Comet was a pulp magazine which published five issues from December 1940 to July 1941. It was edited by F. Orlin Tremaine, who had edited Astounding Stories, one of the leaders of the science fiction magazine field, for several years in the mid-1930s. Tremaine paid one cent per word, which was higher than some of the competing magazines, but the publisher, H-K Publications based in Springfield, MA, was unable to sustain the magazine while it gained circulation, and it was cancelled after less than a year when Tremaine resigned. Comet published fiction by several well-known and popular writers, including E.E. Smith and Robert Moore Williams. The young Isaac Asimov, visiting Tremaine in Comets offices, was alarmed when Tremaine asserted that anyone who gave stories to competing magazines for no pay should be blacklisted; Asimov promptly insisted that Donald Wollheim, to whom he had given a free story, should make him a token payment so he could say he had been paid.

== Publication history ==

|  | Jan | Feb | Mar | Apr | May | Jun | Jul | Aug | Sep | Oct | Nov | Dec |
| 1940 |  |  |  |  |  |  |  |  |  |  |  | 1/1 |
| 1941 | 1/2 |  | 1/3 |  | 1/4 |  | 1/5 |  |  |  |  |  |
All five issues of Comet, showing volume and issue numbers. Tremaine was editor throughout.

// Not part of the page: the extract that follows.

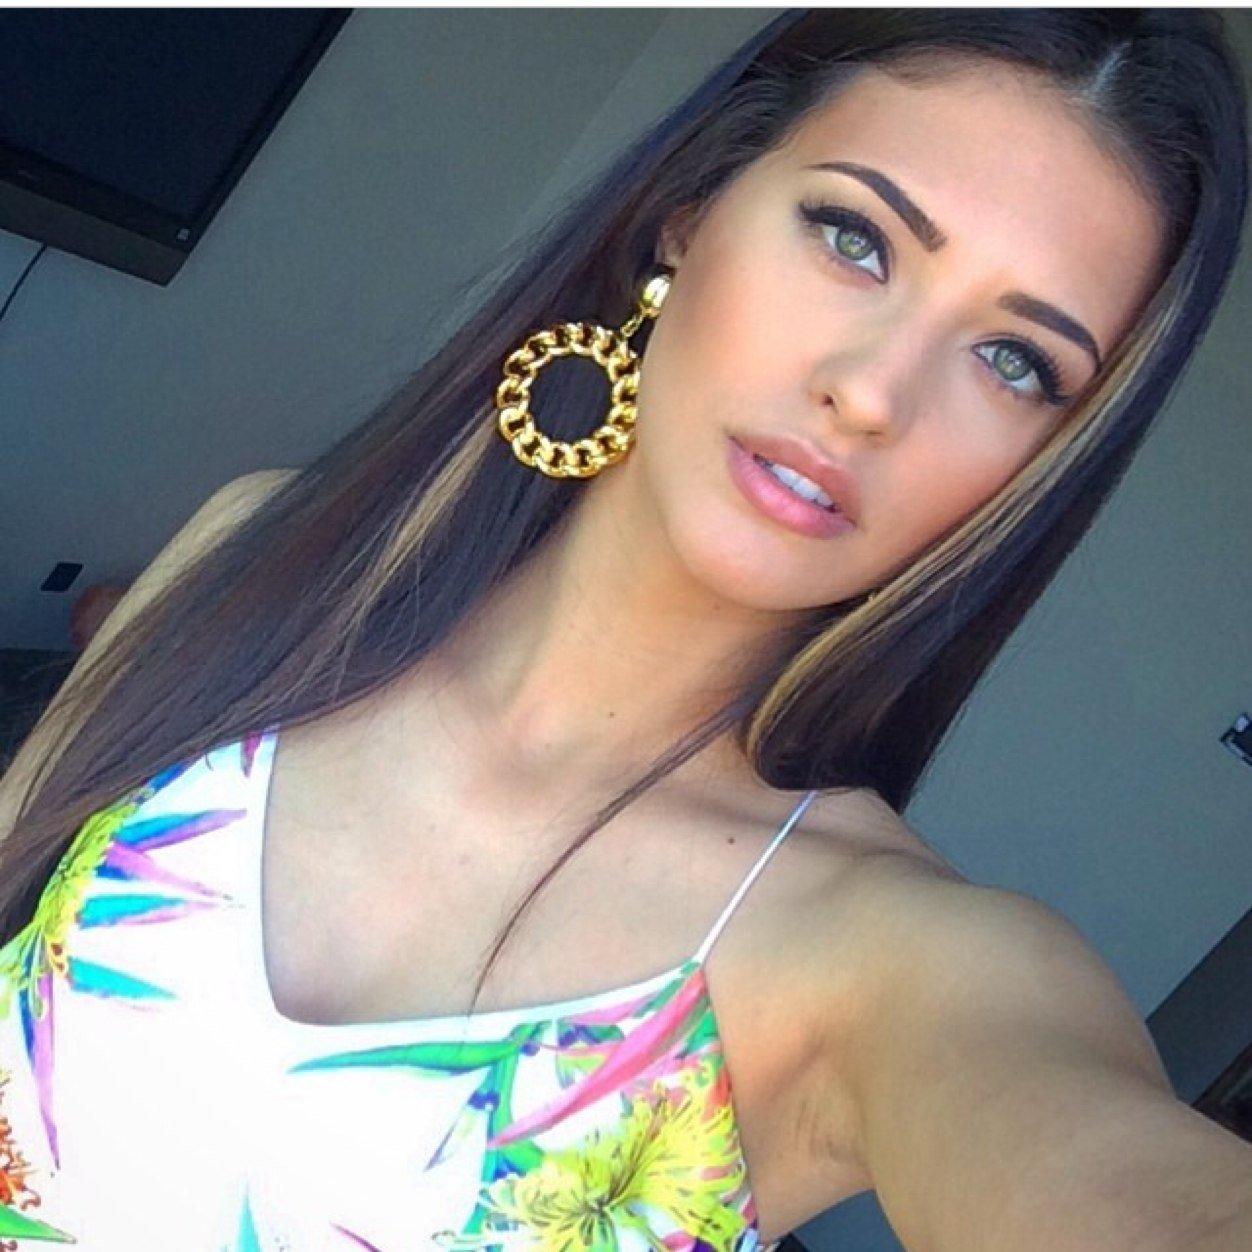 List of Romanian Girls Snapchat usernames

Although science fiction (SF) had been published before the 1920s, it did not begin to coalesce into a separately marketed genre until the appearance in 1926 of Amazing Stories, a pulp magazine published by Hugo Gernsback. By the end of the 1930s the field was booming. At the end of 1940 H-K Publications, a small New York publishing operation owned by Harold Hersey, decided to launch a new SF magazine, titled Comet. The first issue was dated December 1940. The editor was F. Orlin Tremaine, who was well known to and respected by the growing readership of science fiction because of his successful stint as editor of Astounding Stories in the early 1930s.

Tremaine paid a cent a word for stories, which was more than many of the other SF magazines that were crowding the field at the time; the respectable pay rate no doubt helped him, but it put the magazine under additional financial pressure. Two other magazines launched at about the same time, Cosmic Stories and Stirring Science Stories, edited by Donald A. Wollheim, both paid nothing at all to writers, on the basis that if the magazines were successful, money might be available in the future. This annoyed Tremaine, and Isaac Asimov, who gave Wollheim a story for Cosmic Stories, later recalled Tremaine telling him that "any author who donated stories to Wollheim, and thus contributed to the destruction of competing magazines who paid, should be blacklisted in the field". Asimov was sufficiently upset that he later obtained token payment from Wollheim so that he could assert he had been paid for his story.

== Contents ==

Tremaine was able to acquire some worthwhile material, and the magazine showed improvement over its five issues. Among the better-known stories Tremaine obtained was "Vortex Blaster", by E.E. Smith; this was the first in a series about Storm Cloud, later collected in book form. Other well-received stories included "The Street That Wasn't There", by Clifford D. Simak and Carl Jacobi, and "Dark Reality", by Robert Moore Williams. Sam Moskowitz, later a well-known SF critic and historian, published some science fiction stories early in his career; his first sale was to Tremaine, with "The Way Back", which appeared in the January 1941 issue of Comet. There was also a "Short, Short Story Corner" which was targeted at new writers, though established authors were also asked to submit very short stories for this feature. Another competition, this time aimed at fans rather than writers, offered a prize of $25 to the fan who had to overcame the most difficulties in order to attend the 1941 World Science Fiction Convention in Denver.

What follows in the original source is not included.